--- WORK ITEM ---
Pictures stay out of this copy, which runs from the first line of the material through the line containing "WolverineK wallpaper, free".

--- INPUT DATA ---

((

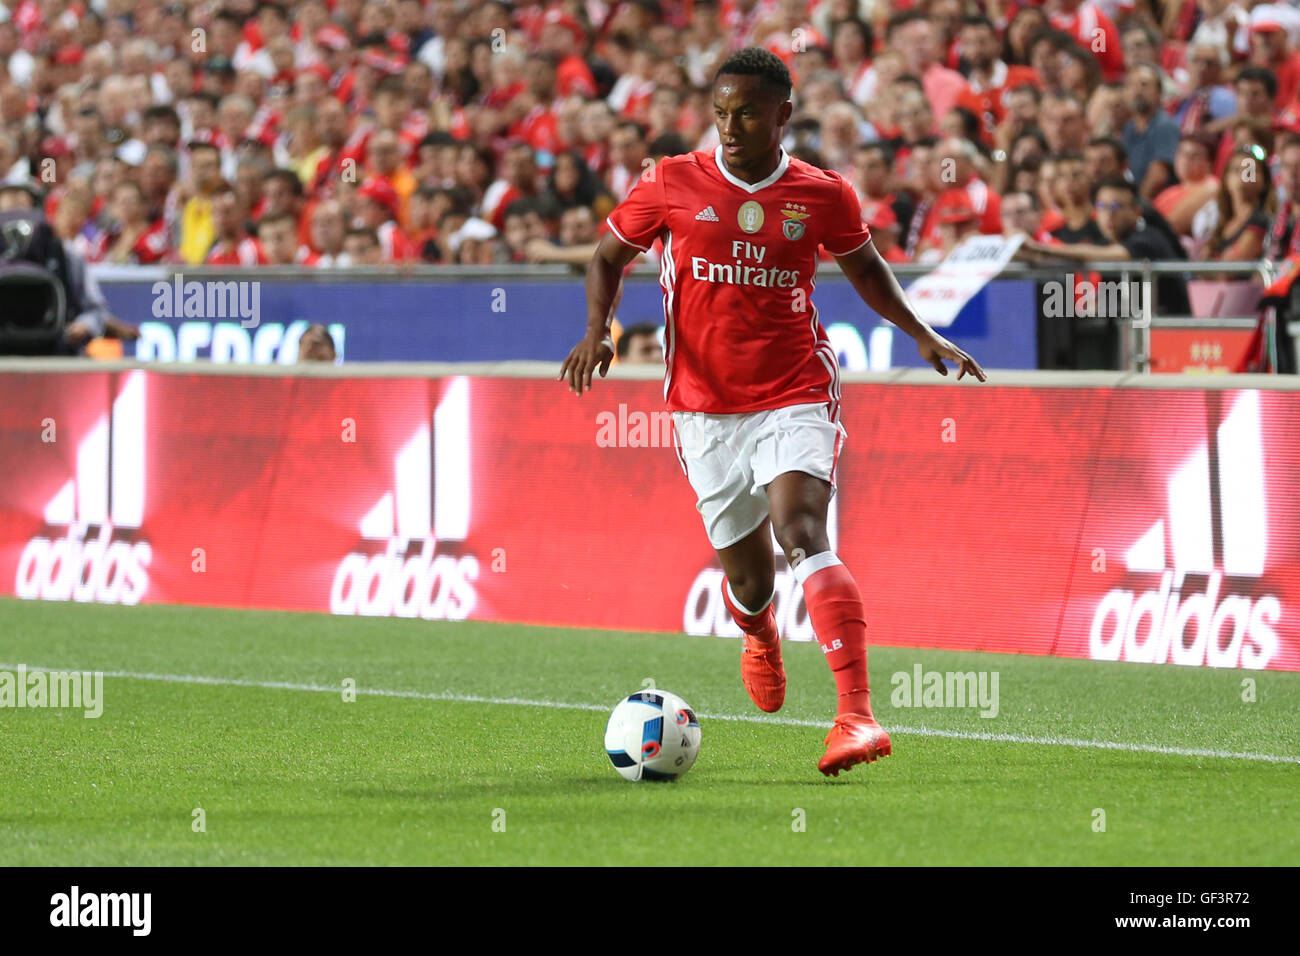 Lisbon, Portugal. 27th July, 2016. SL Benfica's forward from Peru Andre Carrillo Credit:  Alexandre Sousa/Alamy Live News Stock Photo
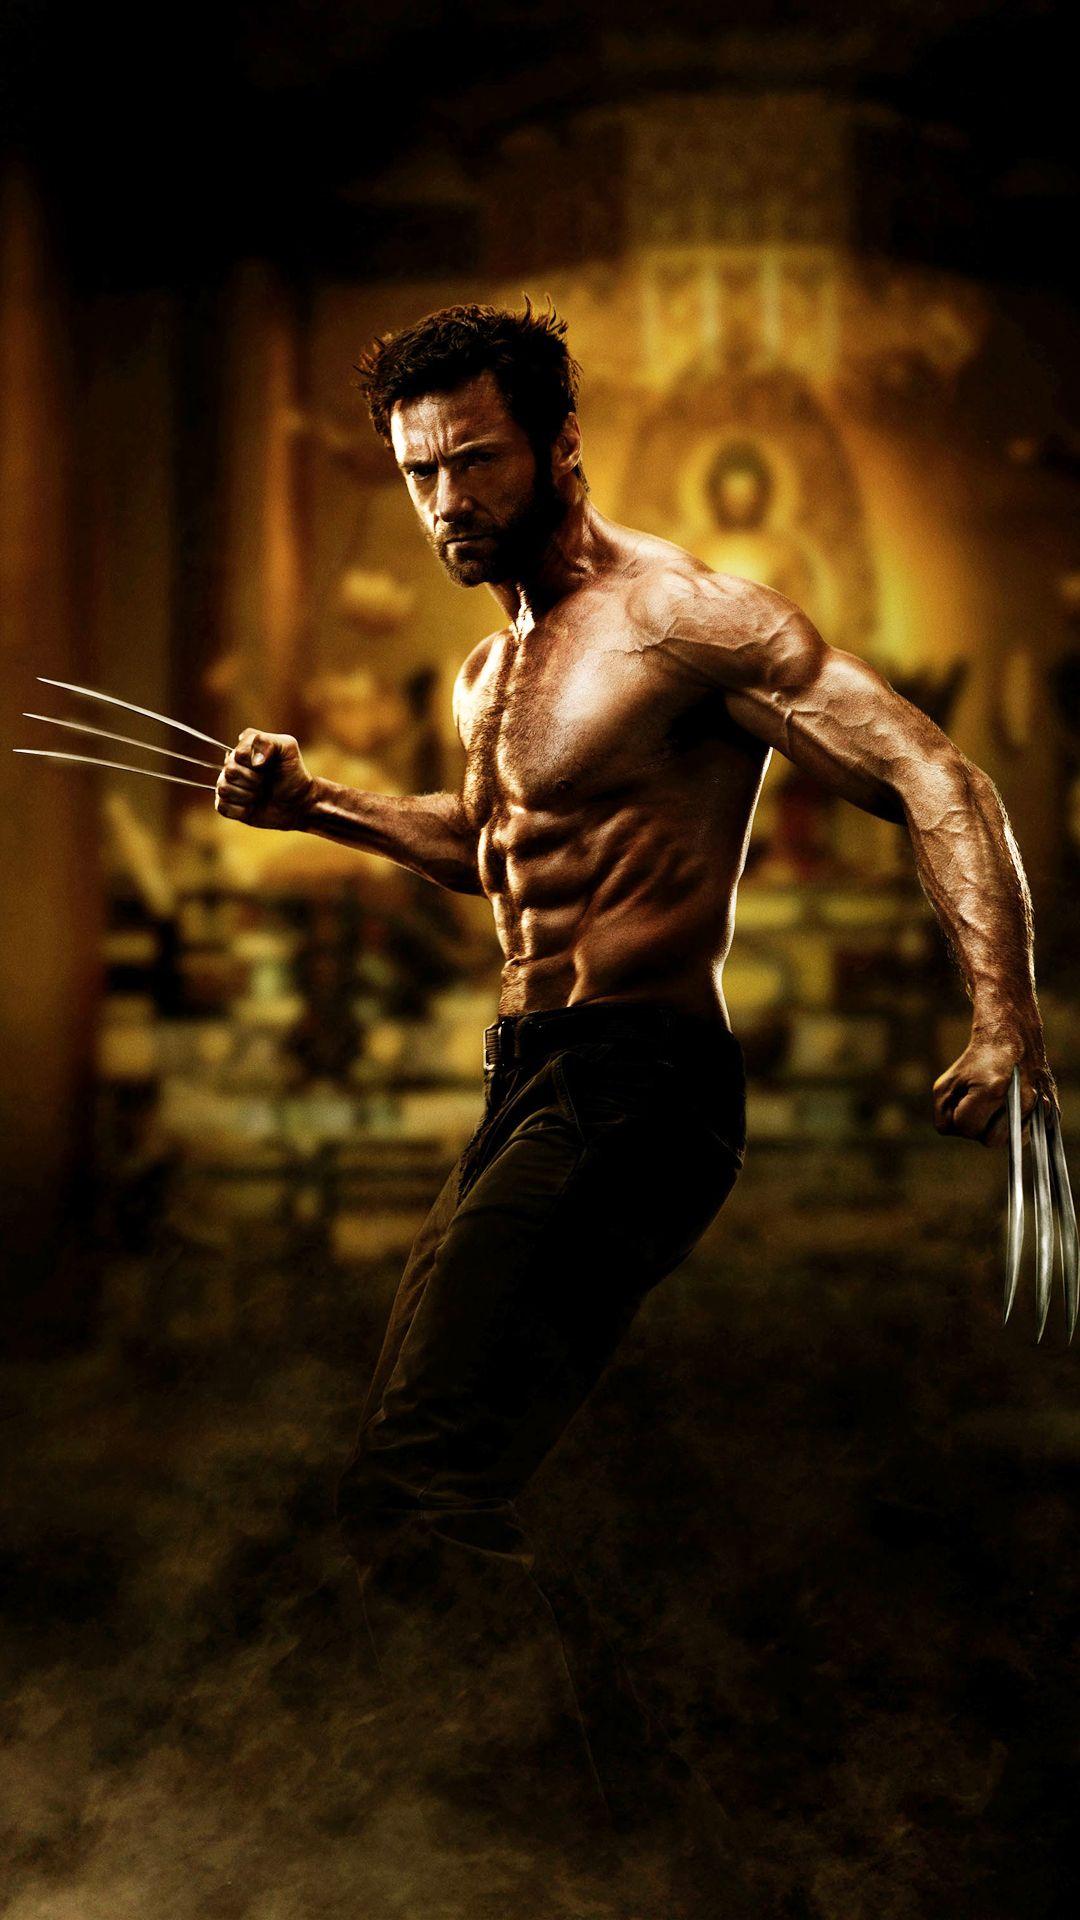 WolverineK wallpaper, free and easy to download
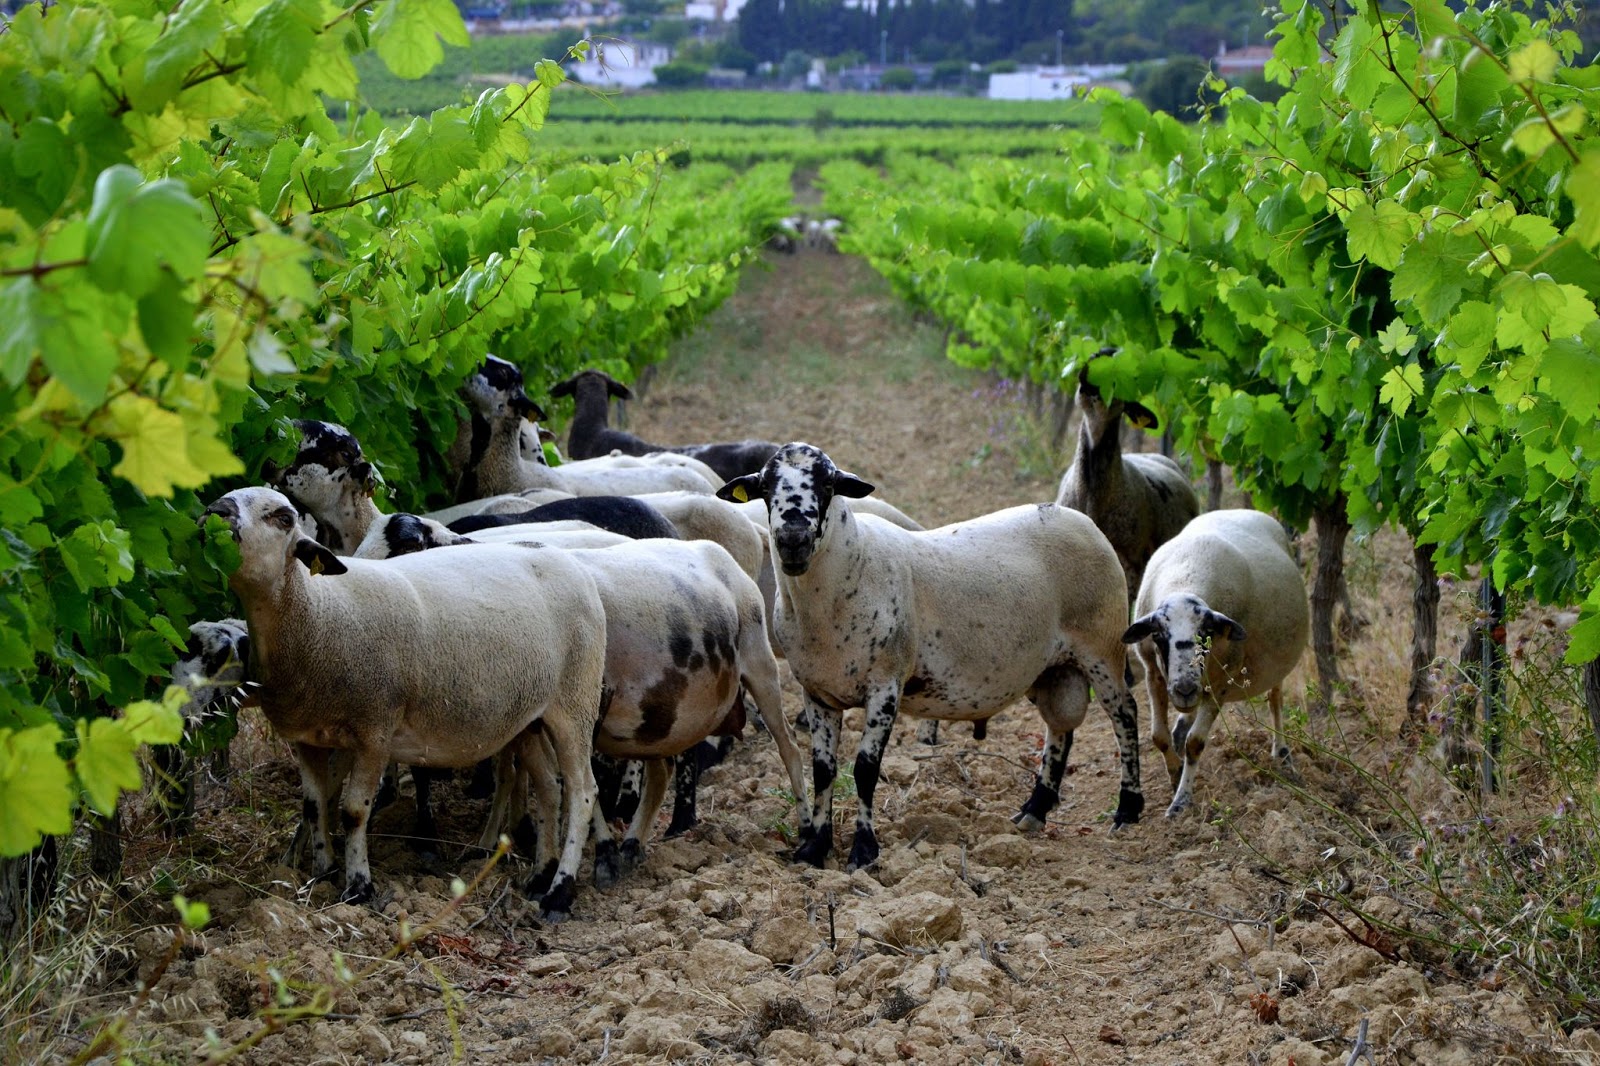 Spanish Farmers Fight Forest Fires With Agroforestry (and Many Sheep)
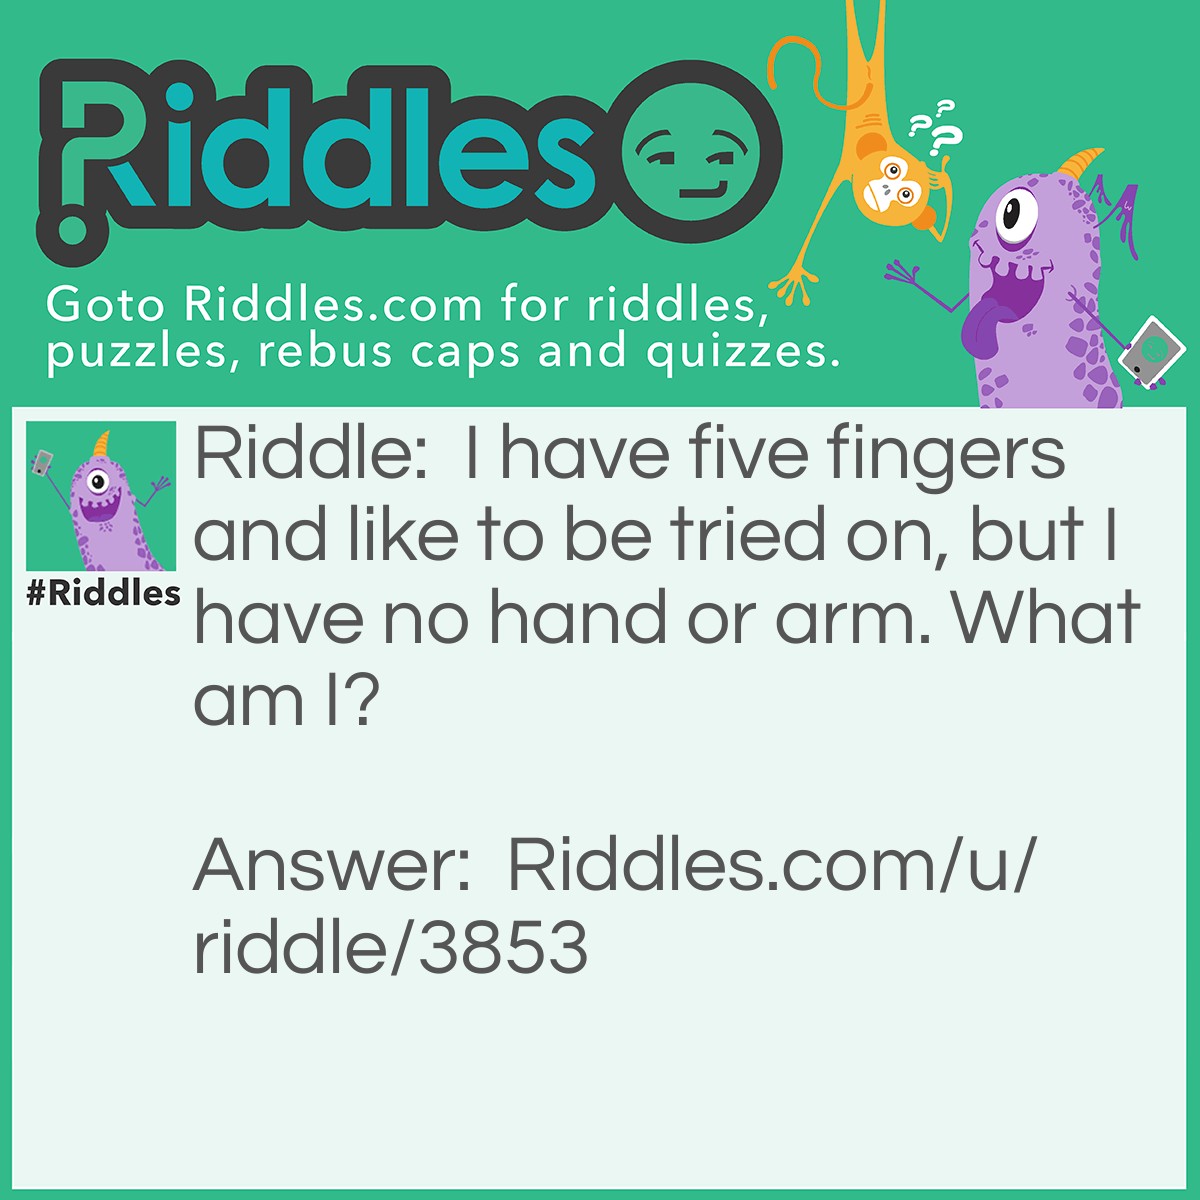 Riddle: I have five fingers and like to be tried on, but I have no hand or arm. What am I? Answer: A Glove!!!

))

--- TASK RESULT ---
 Lisbon, Portugal. 27th July, 2016. SL Benfica's forward from Peru Andre Carrillo Credit:  Alexandre Sousa/Alamy Live News Stock Photo
 WolverineK wallpaper, free and easy to download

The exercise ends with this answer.